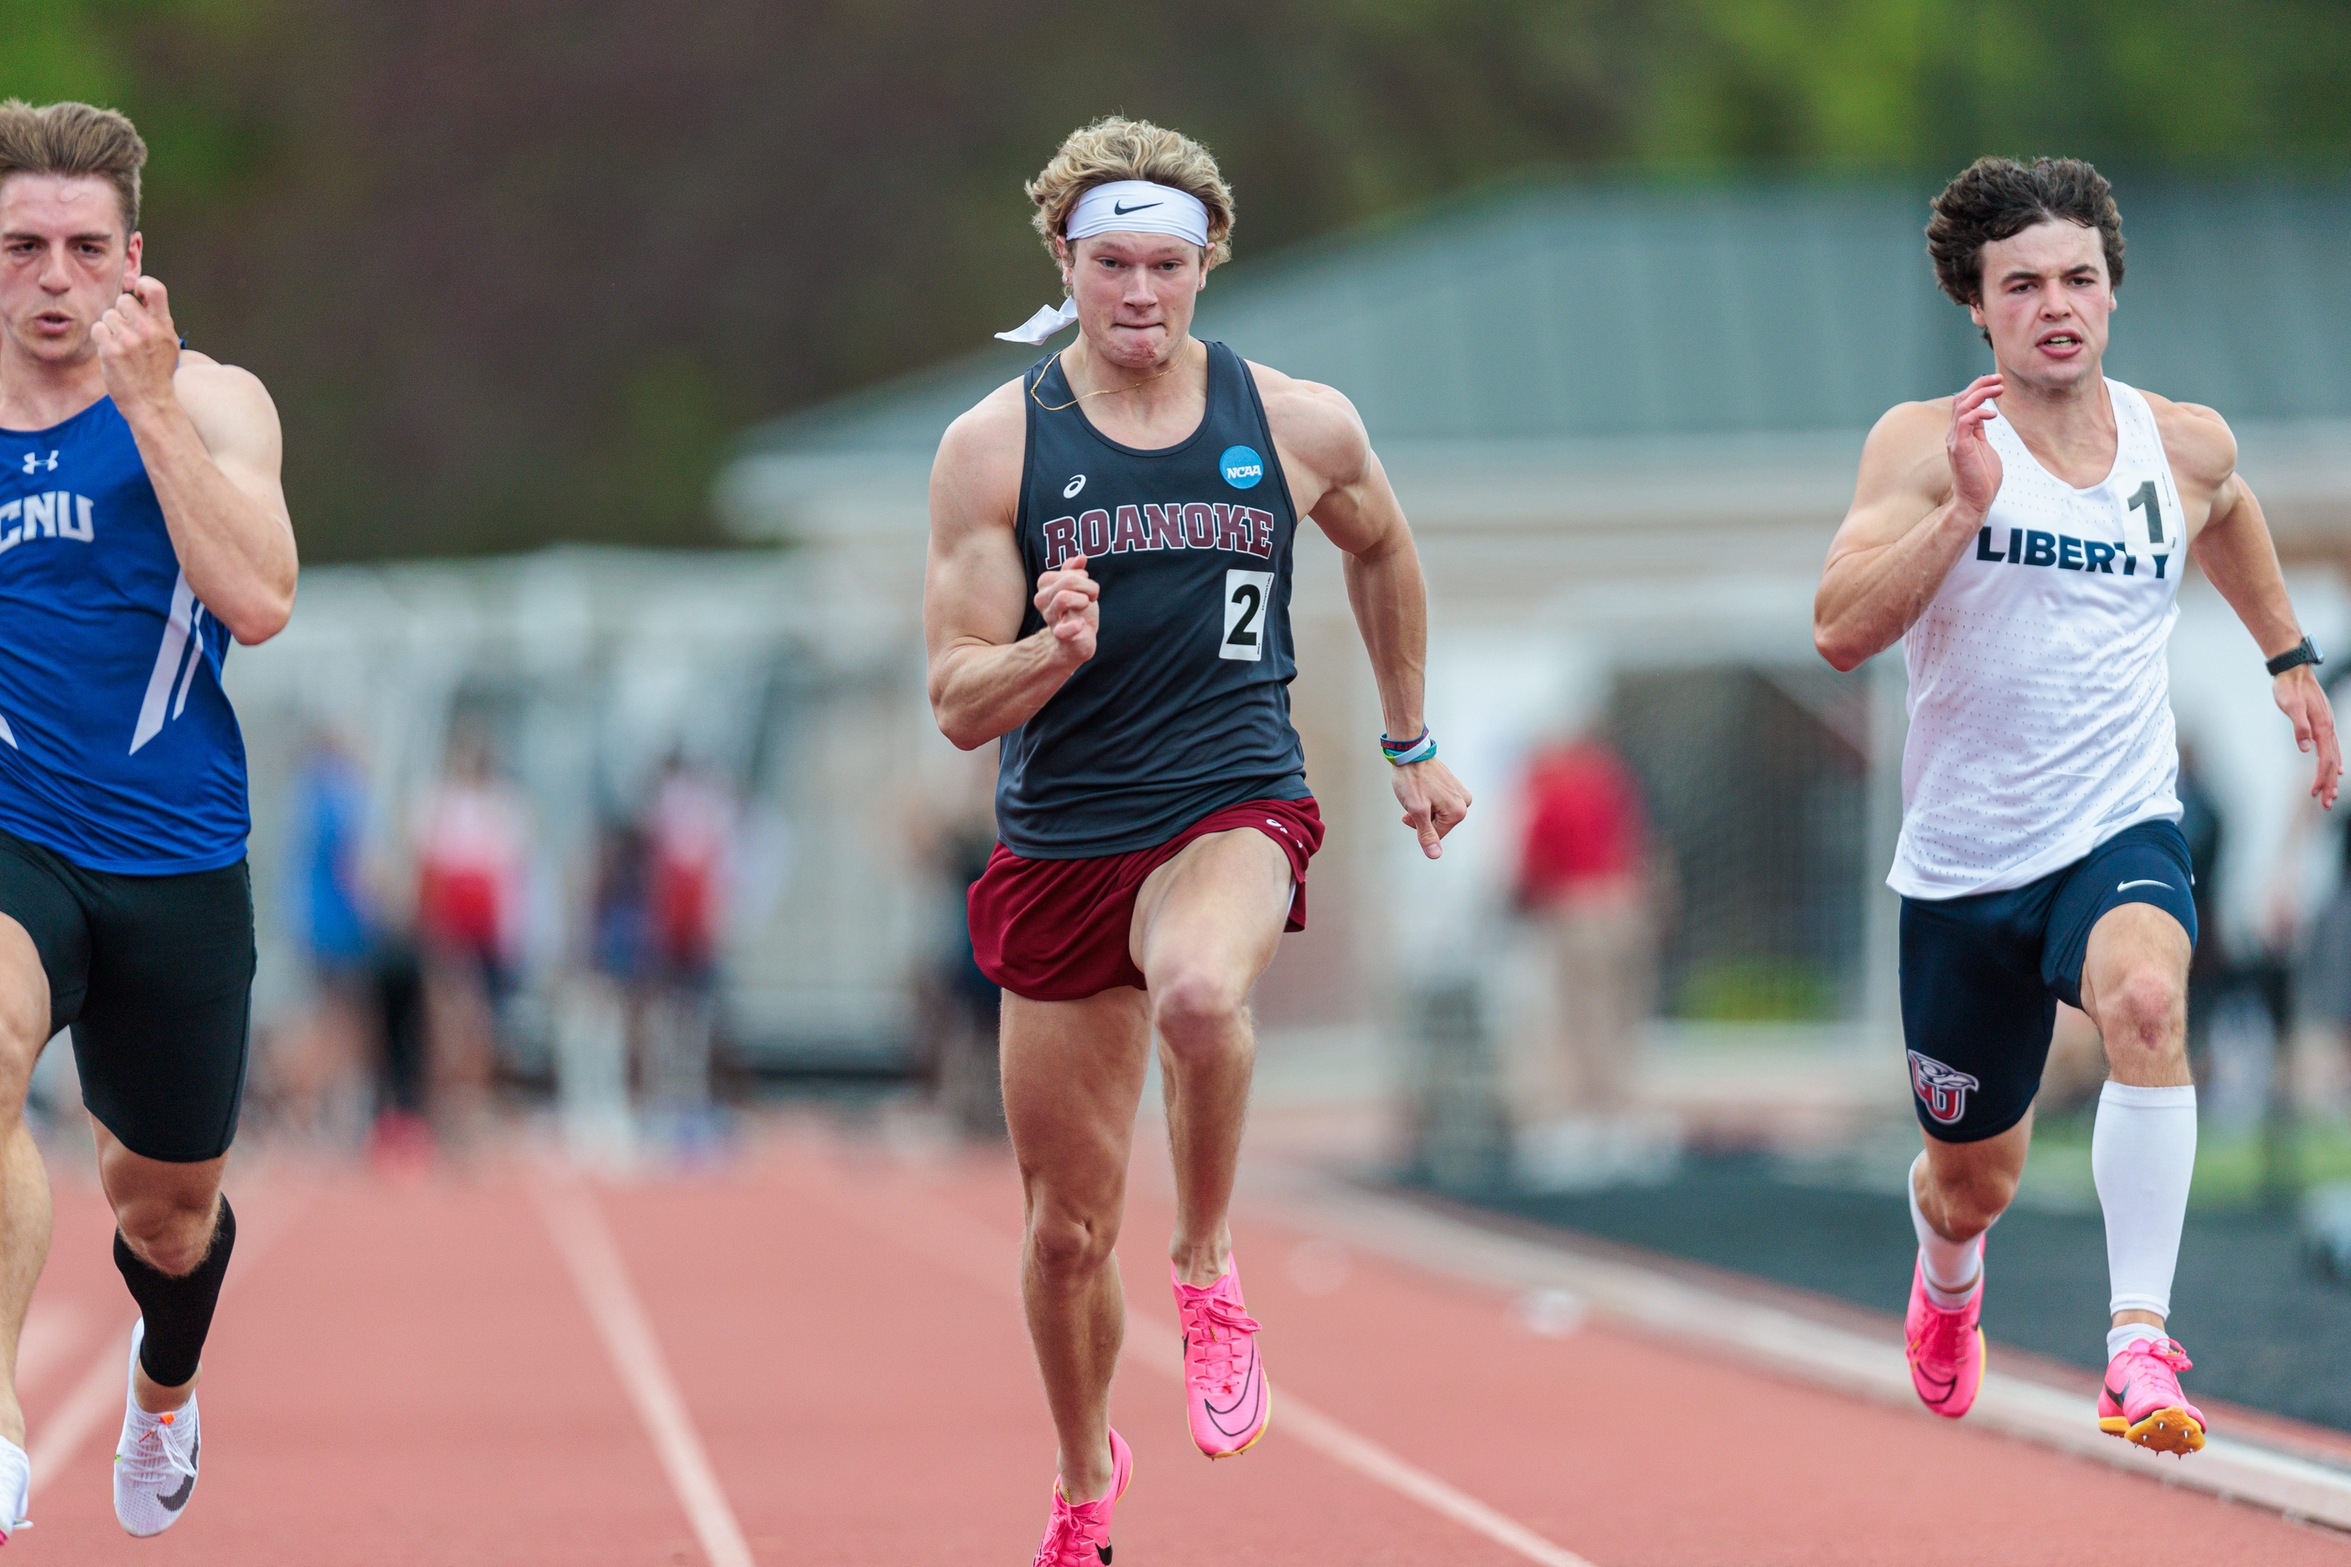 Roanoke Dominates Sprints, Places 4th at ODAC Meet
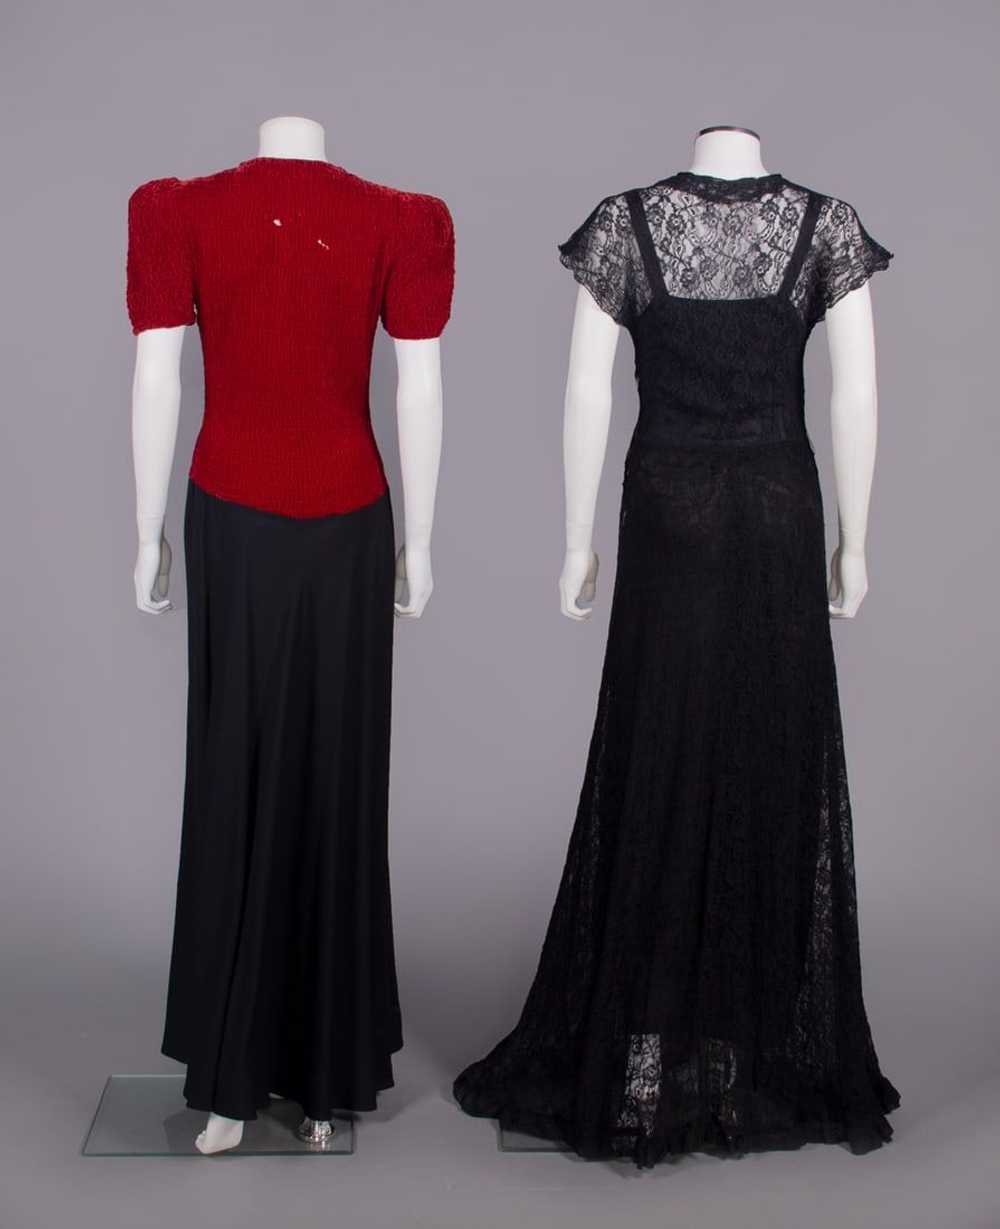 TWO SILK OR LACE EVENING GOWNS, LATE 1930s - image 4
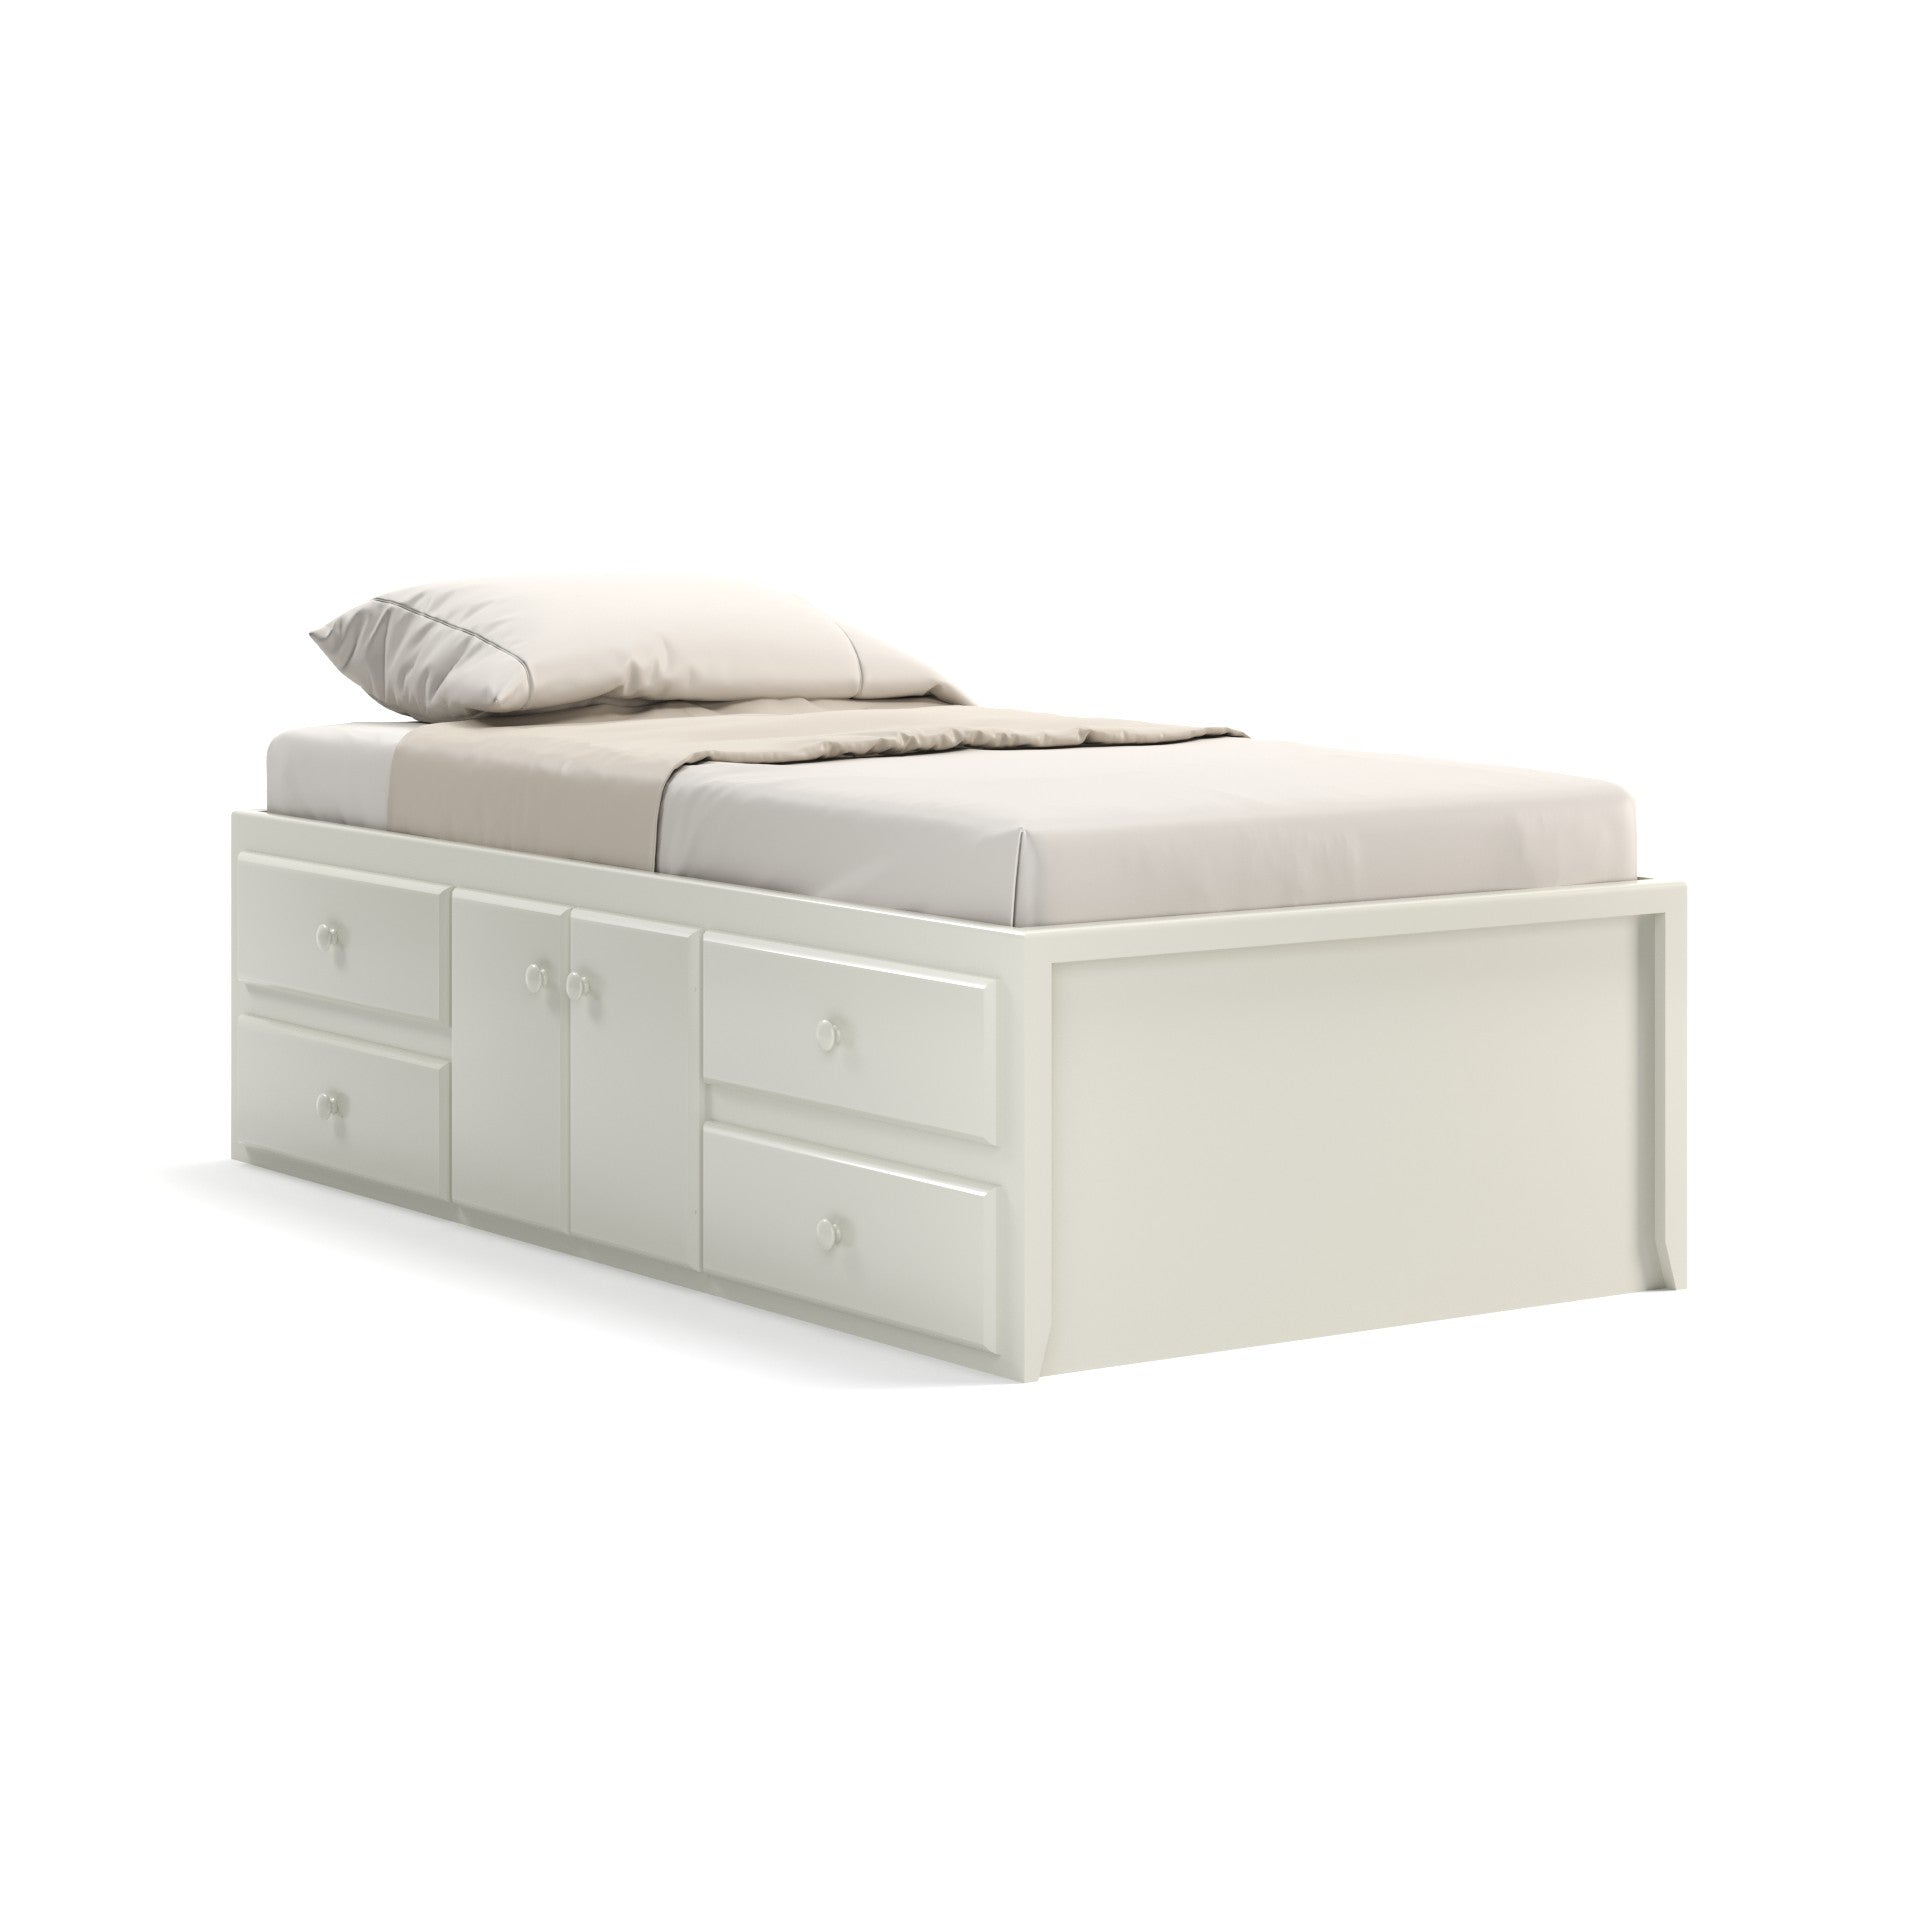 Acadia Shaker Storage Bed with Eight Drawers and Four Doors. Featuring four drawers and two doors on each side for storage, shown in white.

---

**Task statement:**
Pictures stay out; reproduce exactly the lines from the one containing "TWO SILK OR" through the last line of the listing, both included.

**Output:**
 TWO SILK OR LACE EVENING GOWNS, LATE 1930s - image 4
 Acadia Shaker Storage Bed with Eight Drawers and Four Doors. Featuring four drawers and two doors on each side for storage, shown in white.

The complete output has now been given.